Highest Common Factor of 685, 9058 using Euclid's algorithm

Highest common factor or Highest common divisor (hcd) can be calculated by Euclid's algotithm.

Highest common factor (HCF) of 685, 9058 is 1.

Step 1: Since 9058 > 685, we apply the division lemma to 9058 and 685, to get

9058 = 685 x 13 + 153

Step 2: Since the reminder 685 ≠ 0, we apply division lemma to 153 and 685, to get

685 = 153 x 4 + 73

Step 3: We consider the new divisor 153 and the new remainder 73, and apply the division lemma to get

153 = 73 x 2 + 7

We consider the new divisor 73 and the new remainder 7,and apply the division lemma to get

73 = 7 x 10 + 3

We consider the new divisor 7 and the new remainder 3,and apply the division lemma to get

7 = 3 x 2 + 1

We consider the new divisor 3 and the new remainder 1,and apply the division lemma to get

3 = 1 x 3 + 0

The remainder has now become zero, so our procedure stops. Since the divisor at this stage is 1, the HCF of 685 and 9058 is 1

Notice that 1 = HCF(3,1) = HCF(7,3) = HCF(73,7) = HCF(153,73) = HCF(685,153) = HCF(9058,685) .

Here are some samples of HCF using Euclid's Algorithm calculations.

• HCF of 349, 2799
• HCF of 642, 6844
• HCF of 803, 9052
• HCF of 669, 6366
• HCF of 780, 8264

1. What is the Euclid division algorithm?
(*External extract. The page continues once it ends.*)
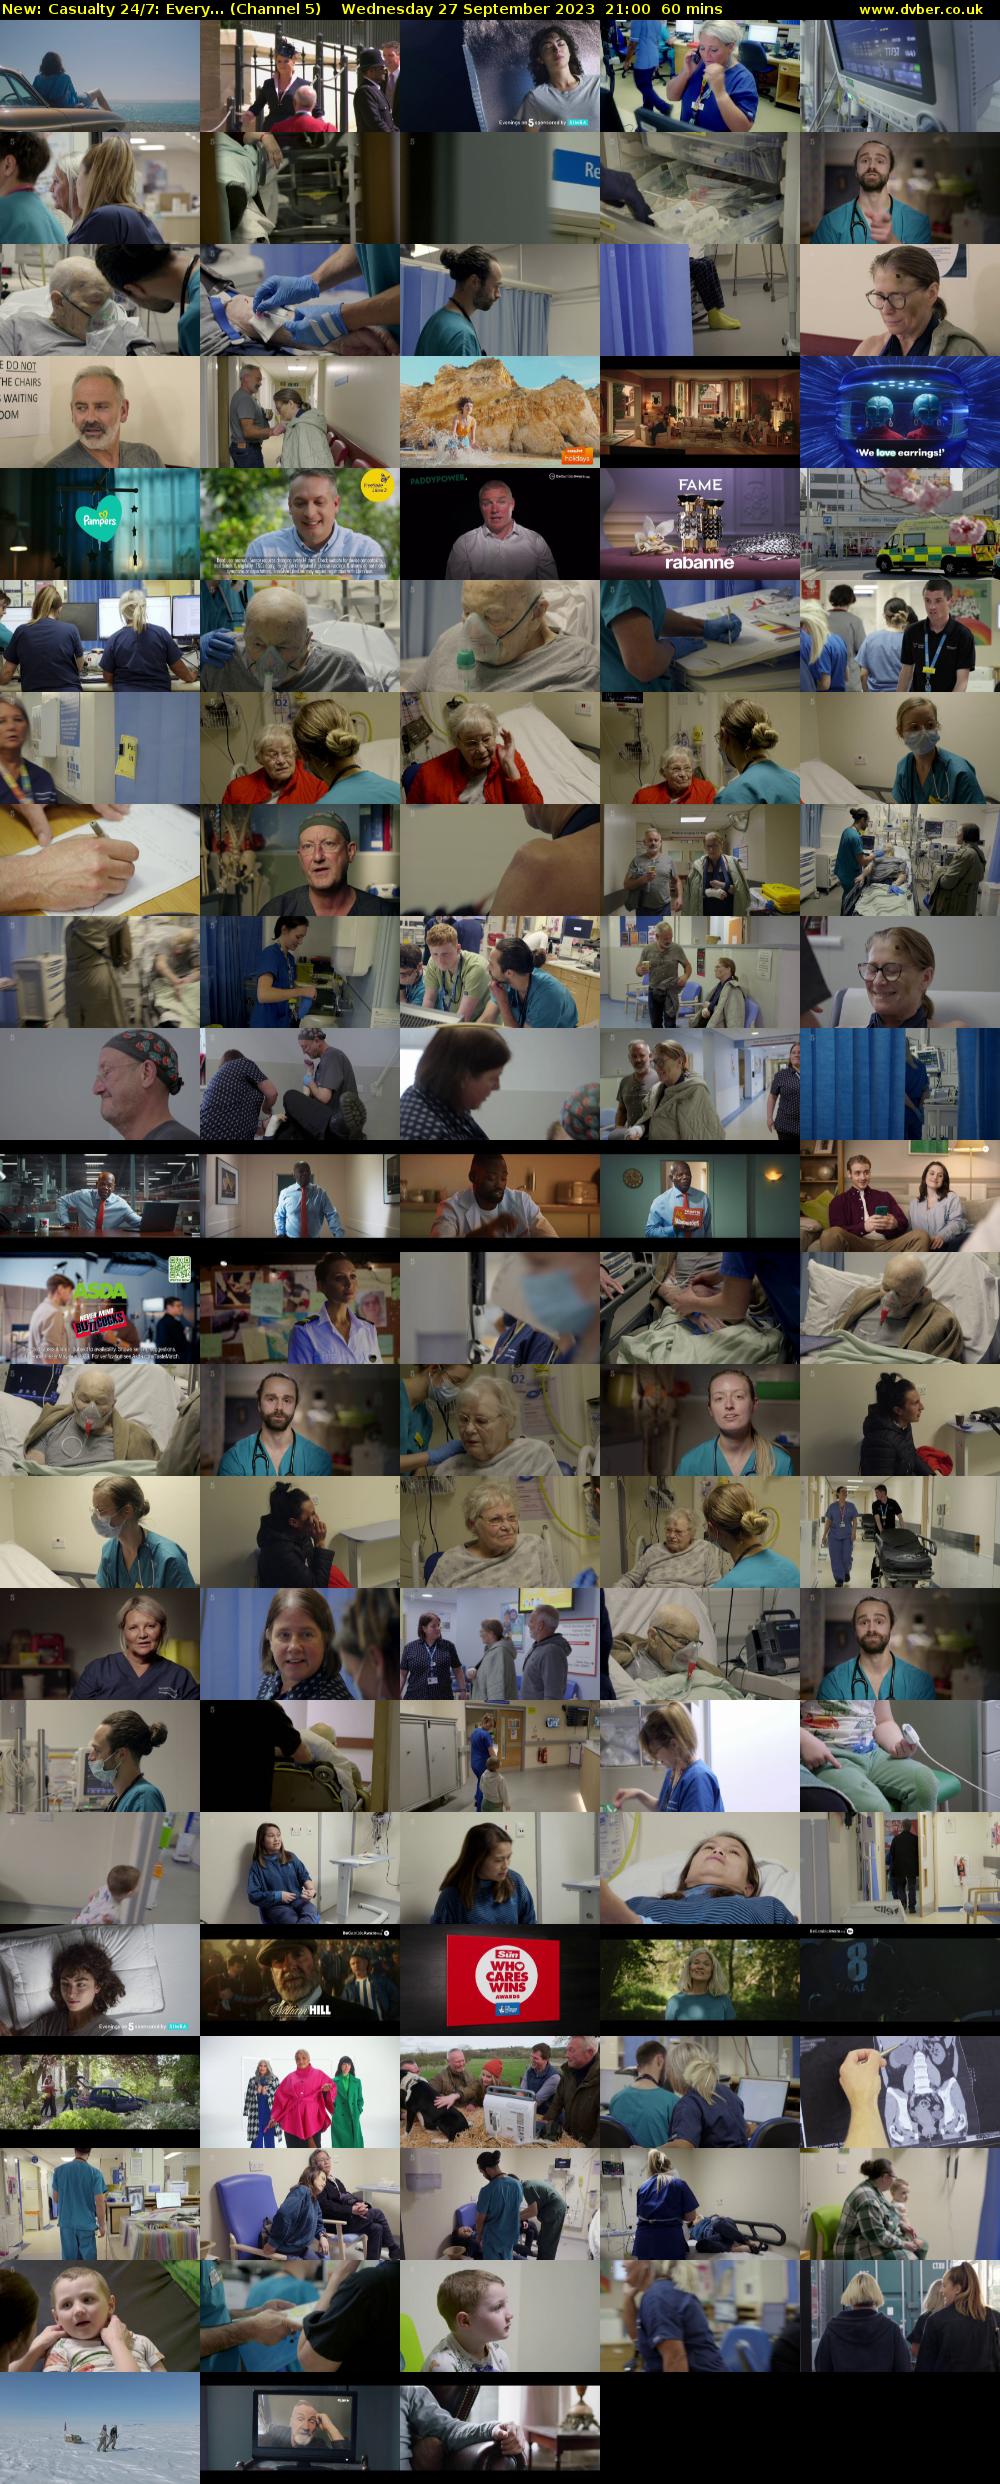 Casualty 24/7: Every... (Channel 5) Wednesday 27 September 2023 21:00 - 22:00

Answer: Euclid's Division Algorithm is a technique to compute the Highest Common Factor (HCF) of given positive integers.

2. what is the HCF of 685, 9058?

Answer: HCF of 685, 9058 is 1 the largest number that divides all the numbers leaving a remainder zero.

3. How to find HCF of 685, 9058 using Euclid's Algorithm?

Answer: For arbitrary numbers 685, 9058 apply Euclid’s Division Lemma in succession until you obtain a remainder zero. HCF is the remainder in the last but one step.